Now, there is a problem with this. It assumes that morality is greater than God. I have many friends who are Reformed (even five-point Calvinists) and, let me tell you, these are intelligent people. So let me appeal to your intelligence if you are a Reformed Christian (Presbyterian, Reformed Baptist, etc.)–this process of deciding which of God’s laws are moral is judging God. It is saying that morality precedes the Godhead (and maybe even the decrees of God–that’s for you serious Calvinists out there).

What I mean is this: if right and wrong are categories independent of God, then God is not the source of right and wrong. Right and wrong are standards by which we may judge God’s Law, and thus, God.

Let me put it another way. If God says, “Hey, Israel, don’t eat pork, shellfish, or creepy-crawly things,” then who are we to say, “That’s only ceremonial and we don’t have to do it”? If God says it, it is immoral to disobey. Morality is not a standard independent of God. God decides what is right and what is wrong.

Let me use another angle. The Sabbath is a great issue. Reformed Christianity has a history of interpreting Sunday as the Sabbath (the New Testament changed it, don’t you know). Let’s just allow the day-change for a moment for the sake of argument. Here is my point: many Christians feel the Sabbath is a moral issue and many other Christians feel it is irrelevant to morality (thus, it must be “ceremonial,” since it seems irrelevant). So, see what happens when you decide to judge God’s Law? How do you know if you are right? If you are at McDonalds eating a cheeseburger after Sunday church, are you sinning? (Most Christians who believe Sunday is the Sabbath seem unaware that God forbids buying and selling–Nehemiah 13:15).

My point is simple: the Law (Torah) of God cannot be subdivided into these three categories.
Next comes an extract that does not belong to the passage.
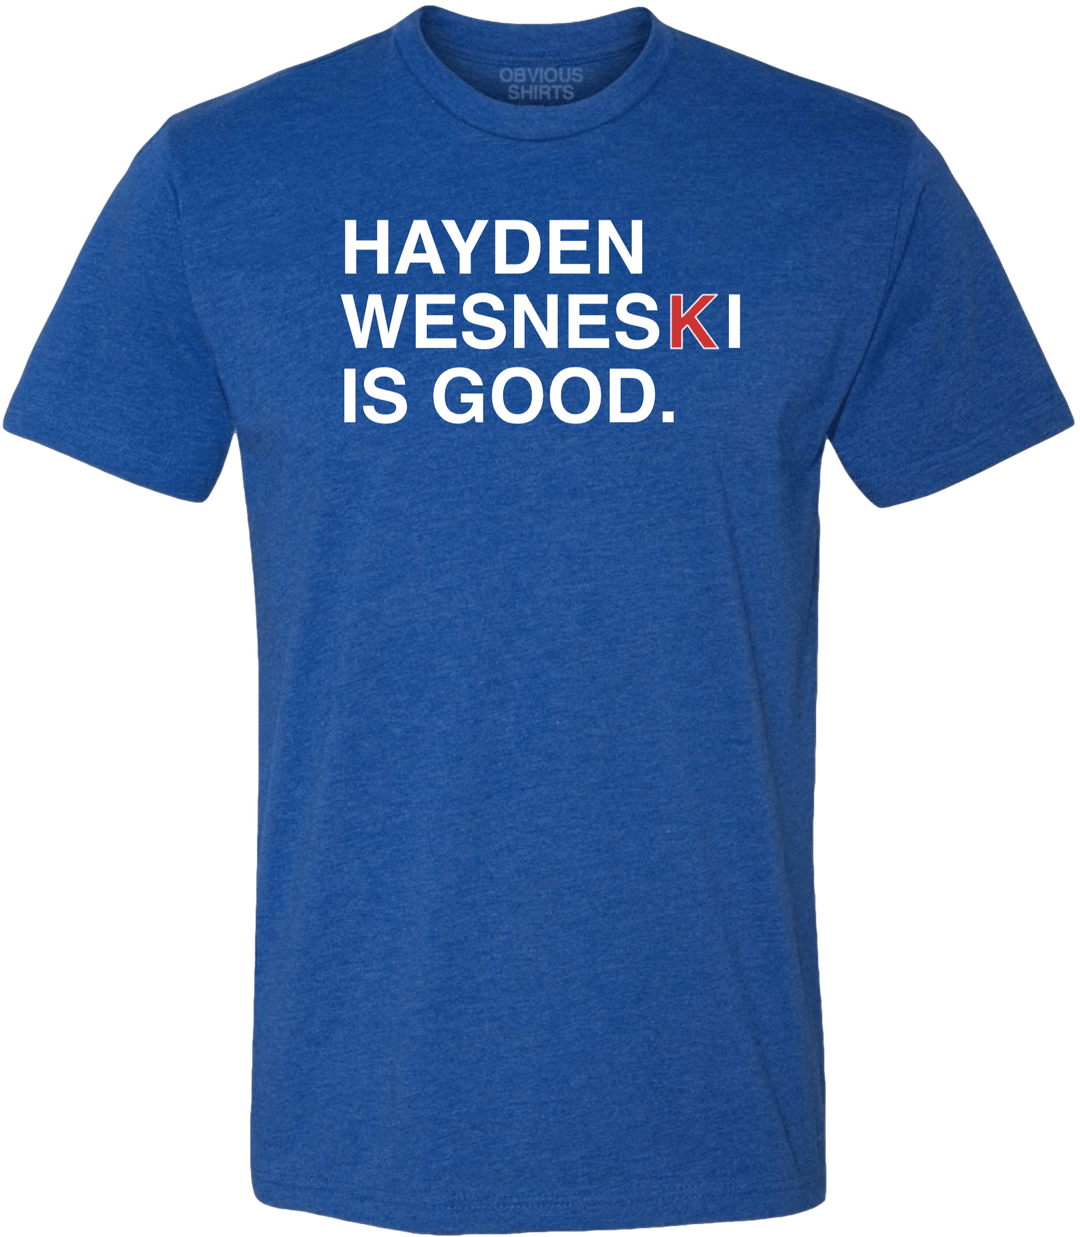 HAYDEN WESNESKI IS GOOD. - OBVIOUS SHIRTS

The truth is far more complex–but we lack time and space to delve into it all here. Perhaps future posts…

Well, I’ve gone on quite long. I will paste some more information below, things from Parashat Mishpatim that led me to think of posting this in the first place. You need read further only if the subject interests you.
Consider how the Torah mixes commandments without any division or separation:

Exodus 23:9-11 You shall not oppress a stranger, since you yourselves know the feelings of a stranger, for you also were strangers in the land of Egypt. “You shall sow your land for six years and gather in its yield, but on the seventh year you shall let it rest and lie fallow, so that the needy of your people may eat; and whatever they leave the beast of the field may eat. You are to do the same with your vineyard and your olive grove.

Vs.9 is clearly a moral issue (not oppressing foreigners), but it is immediately followed by what many would call a ceremonial regulation (letting the land have Sabbaths). The Torah makes no distinction. Furthermore, this raises a philosophical question: what makes something wrong? Is right and wrong defined by God or does it define God? If God defines right and wrong, then isn’t it just as immoral to violate a Sabbath year as it is to oppress and stranger?

Are the Torah Laws Irrelevant in the New Covenant?
In the Dispensational view of the Torah, all of this covenant is now obsolete after the coming of Yeshua. Only commandments repeated in the New Testament are valid for Yeshua followers. Yet consider laws that are not repeated in the New Testament, but which very obviously continue to reflect God’s will, such as:

Exodus 21:33-34 If a man opens a pit, or digs a pit and does not cover it over, and an ox or a donkey falls into it, the owner of the pit shall make restitution; he shall give money to its owner, and the dead animal shall become his.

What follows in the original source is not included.